• **WHAT THE TASK ASKS**: Transcribe the listing exactly as written. Leave the images out.

• **RAW DATA**:

BEGIN

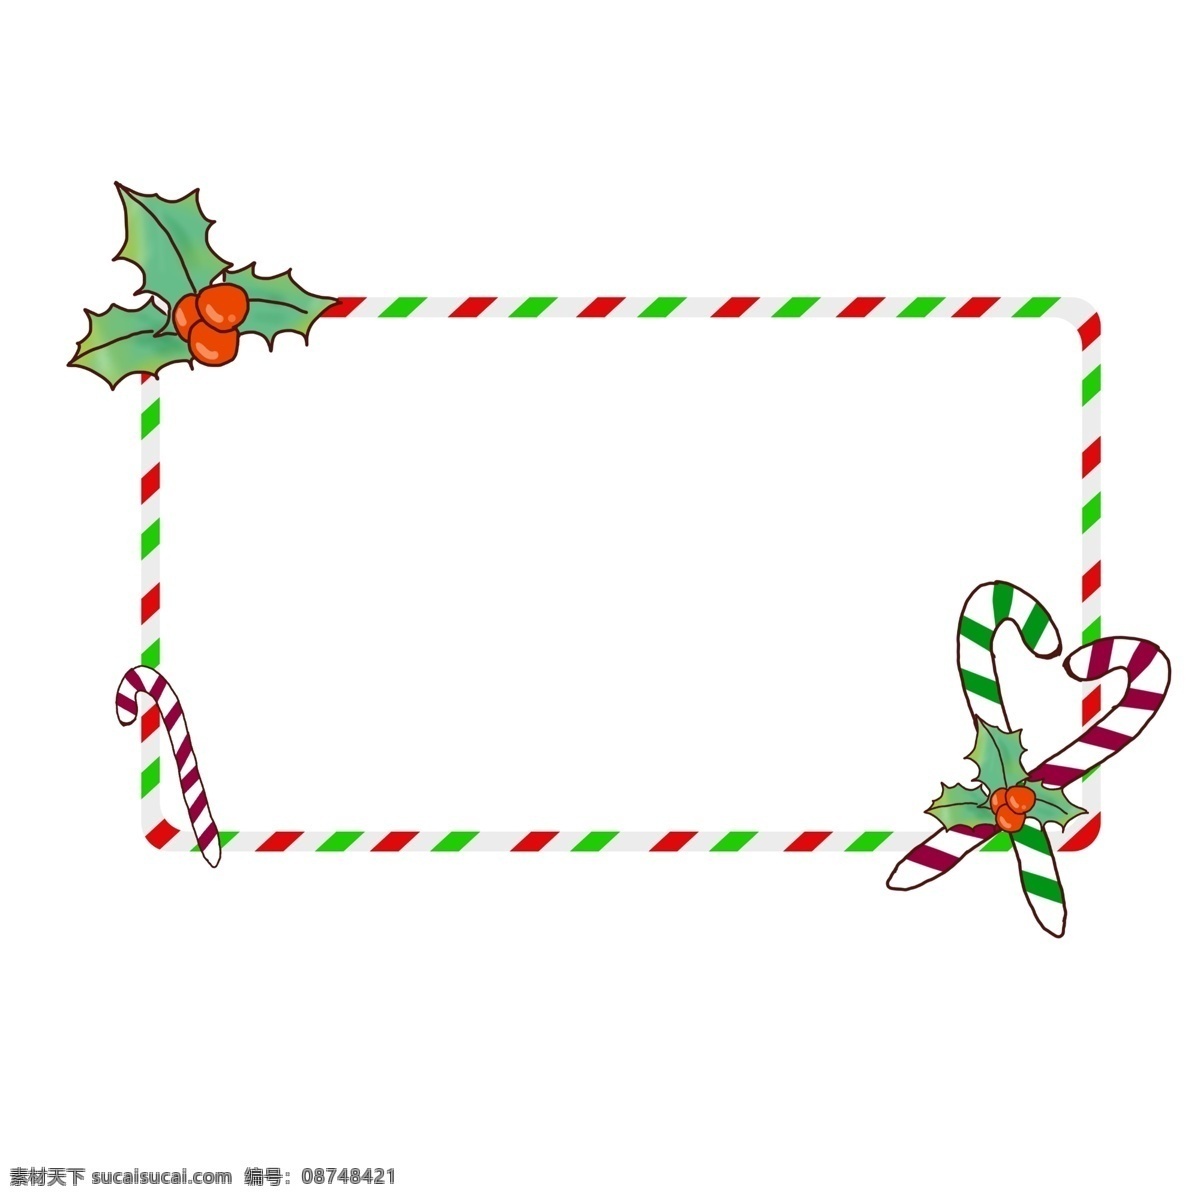 圣诞节 手绘 边框 拐杖 糖 礼物 礼物堆 拐杖糖 圣诞边框 圣诞 可爱 矢量 简单 手绘边框 心型拐杖糖
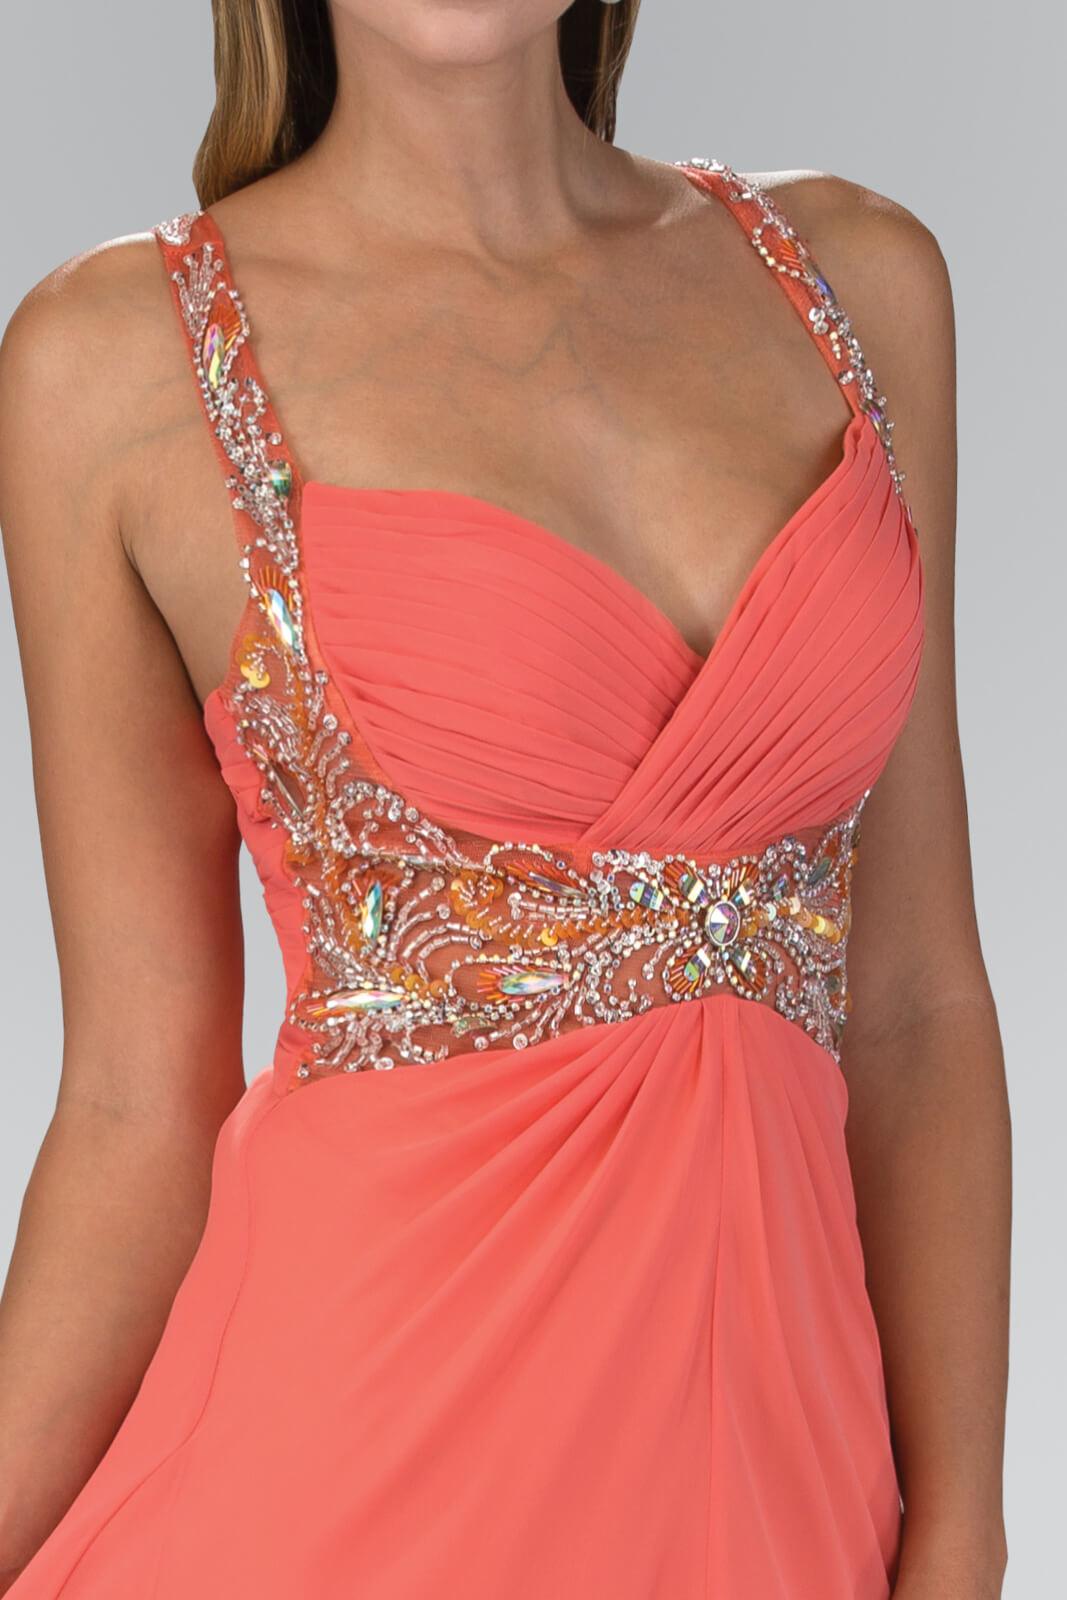 Jewel Embellished Chiffon Long Prom Dress Formal - The Dress Outlet Elizabeth K
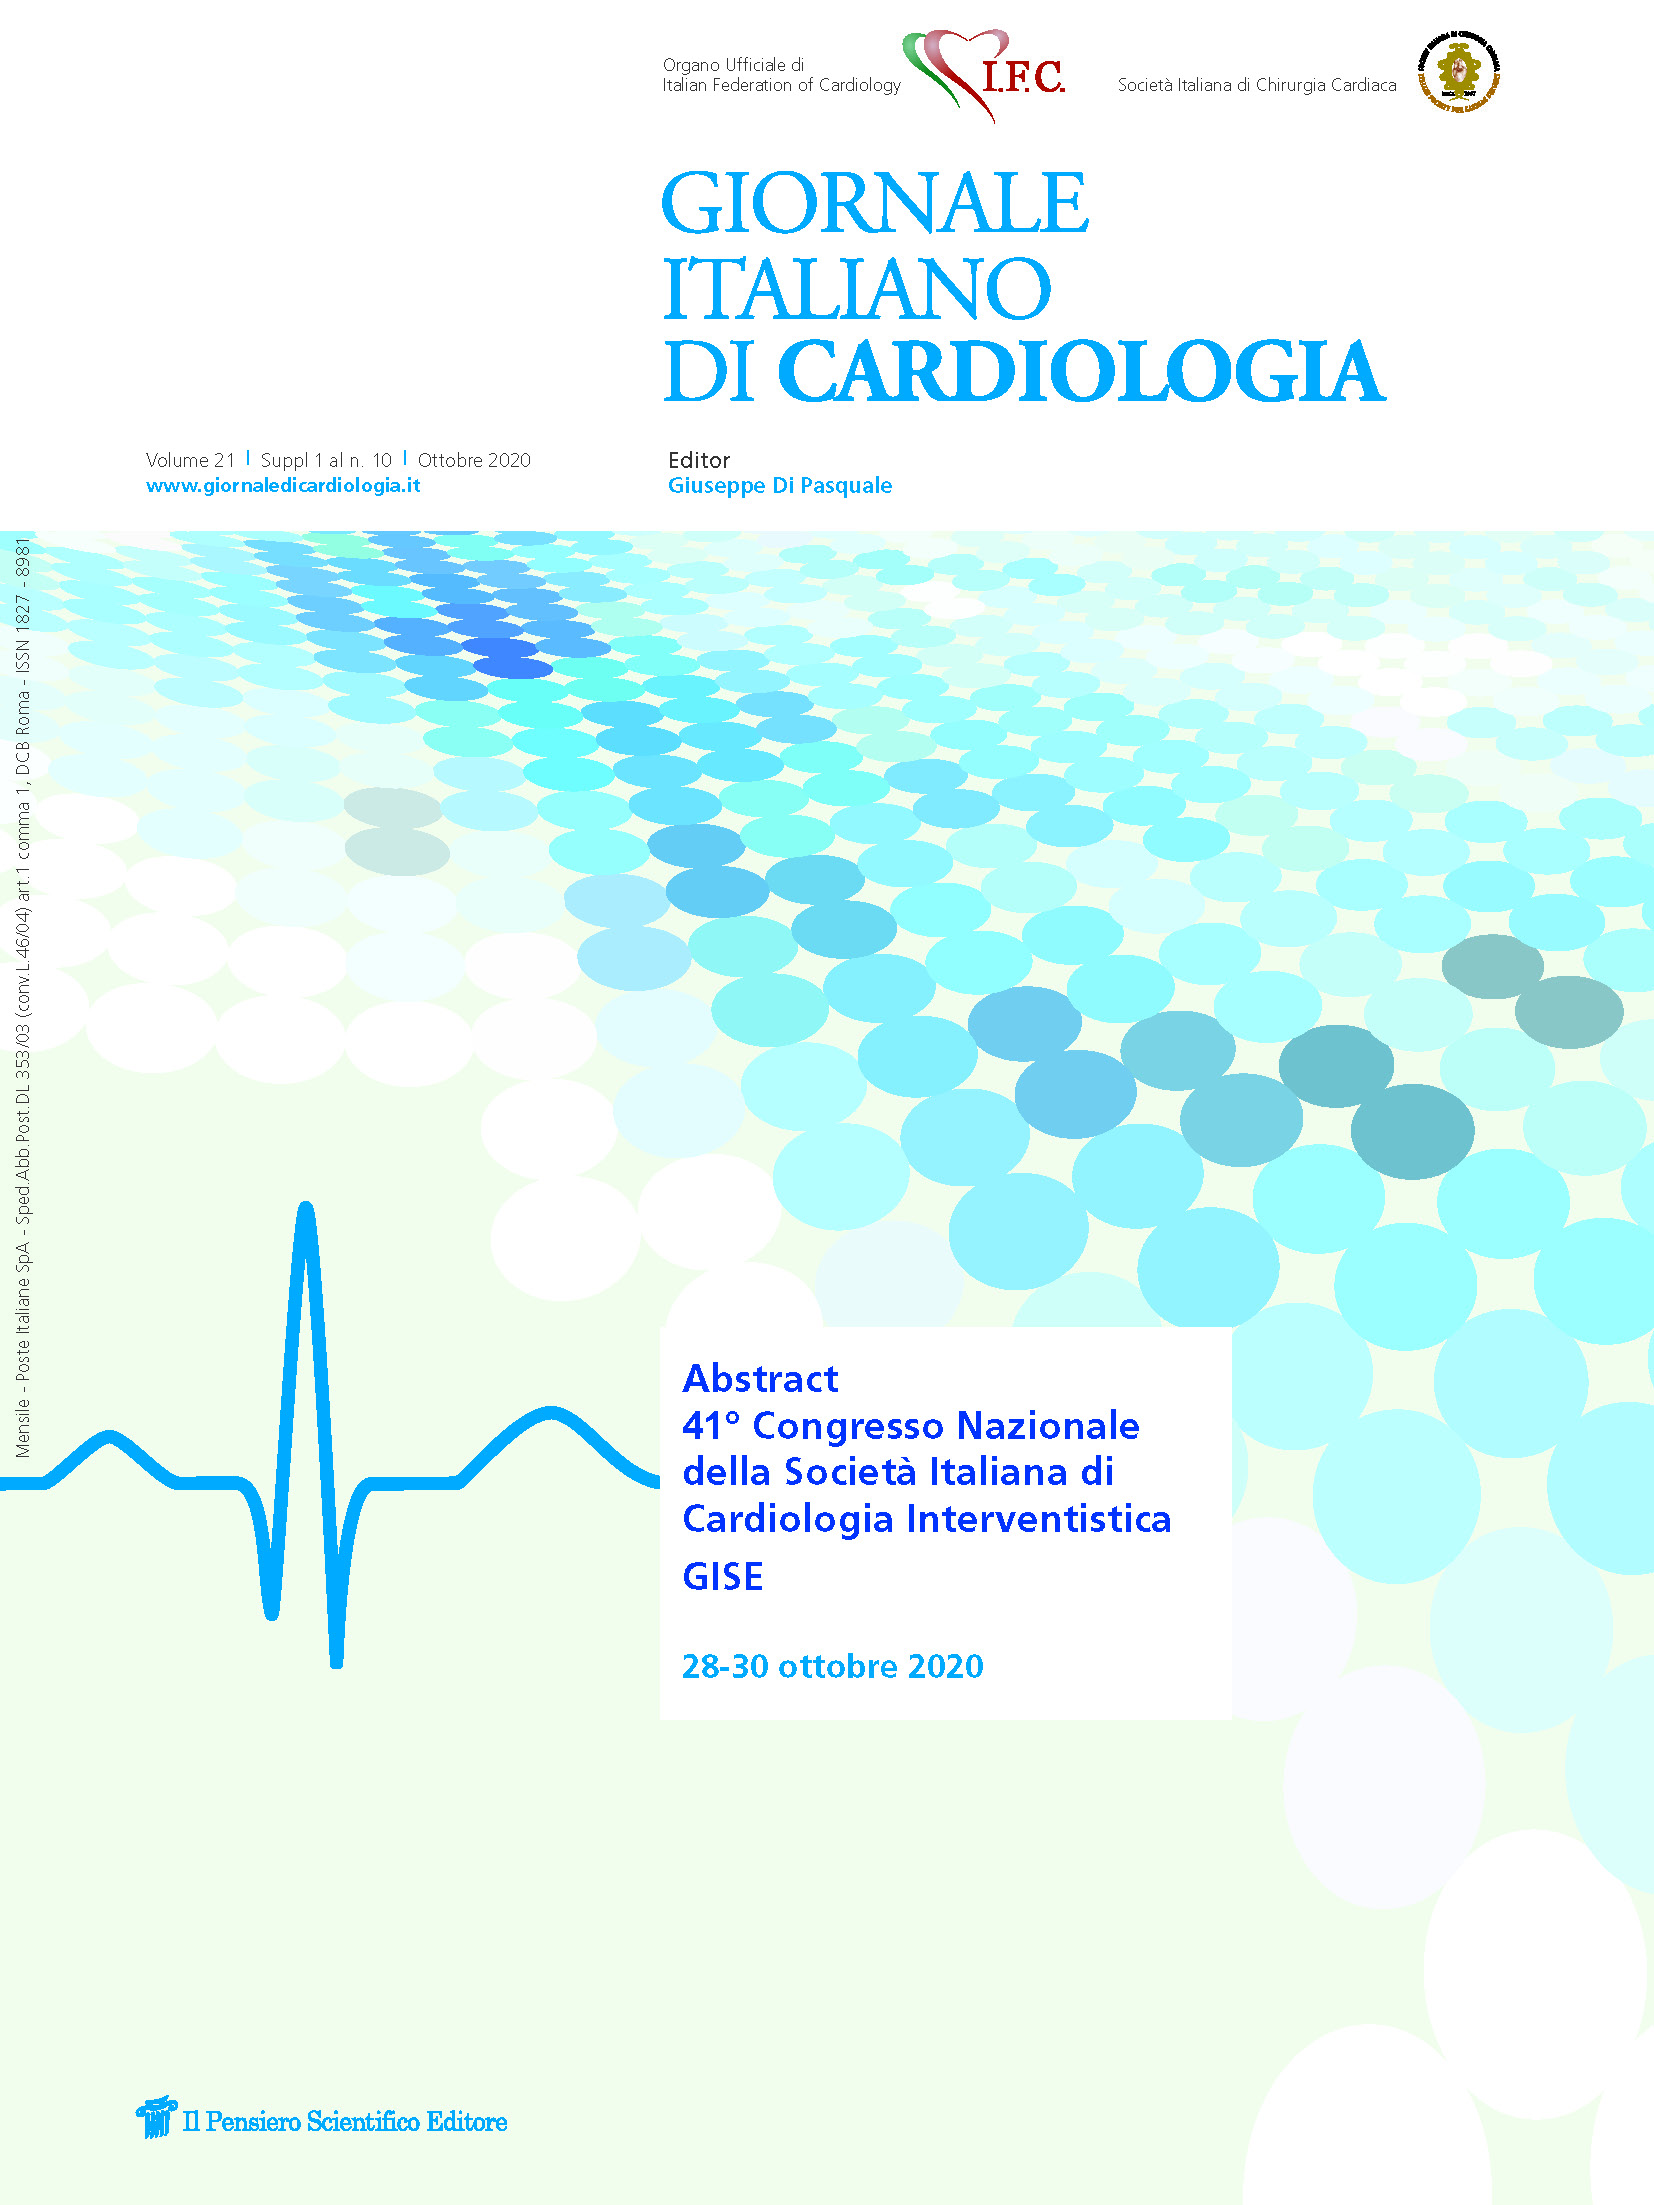 2020 Vol. 21 Suppl. 1 al N. 10 OttobreAbstract 41° Congresso Nazionale della Società Italiana di Cardiologia Interventistica - GISE
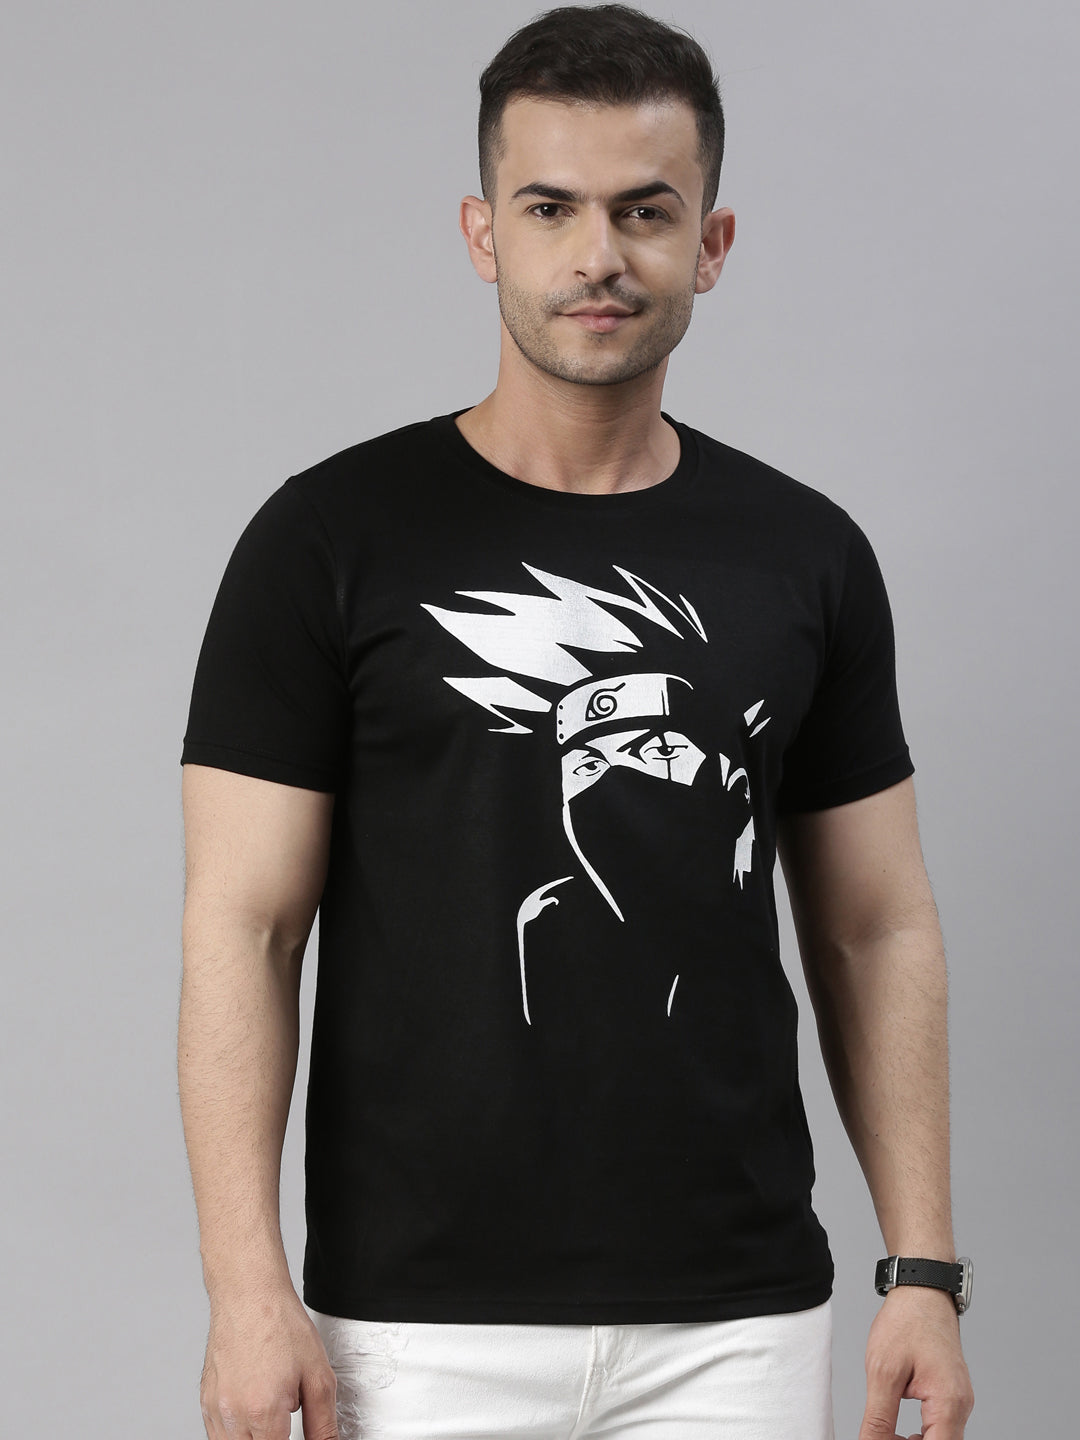 Hatake Kakashi - Naruto Black Anime T-Shirt Graphic T-Shirts Bushirt

END

• **ANSWER TO THE PROBLEM**:
 圣诞节 手绘 边框 拐杖 糖 礼物 礼物堆 拐杖糖 圣诞边框 圣诞 可爱 矢量 简单 手绘边框 心型拐杖糖
 Jewel Embellished Chiffon Long Prom Dress Formal - The Dress Outlet Elizabeth K
 2020 Vol. 21 Suppl. 1 al N. 10 OttobreAbstract 41° Congresso Nazionale della Società Italiana di Cardiologia Interventistica - GISE
 Hatake Kakashi - Naruto Black Anime T-Shirt Graphic T-Shirts Bushirt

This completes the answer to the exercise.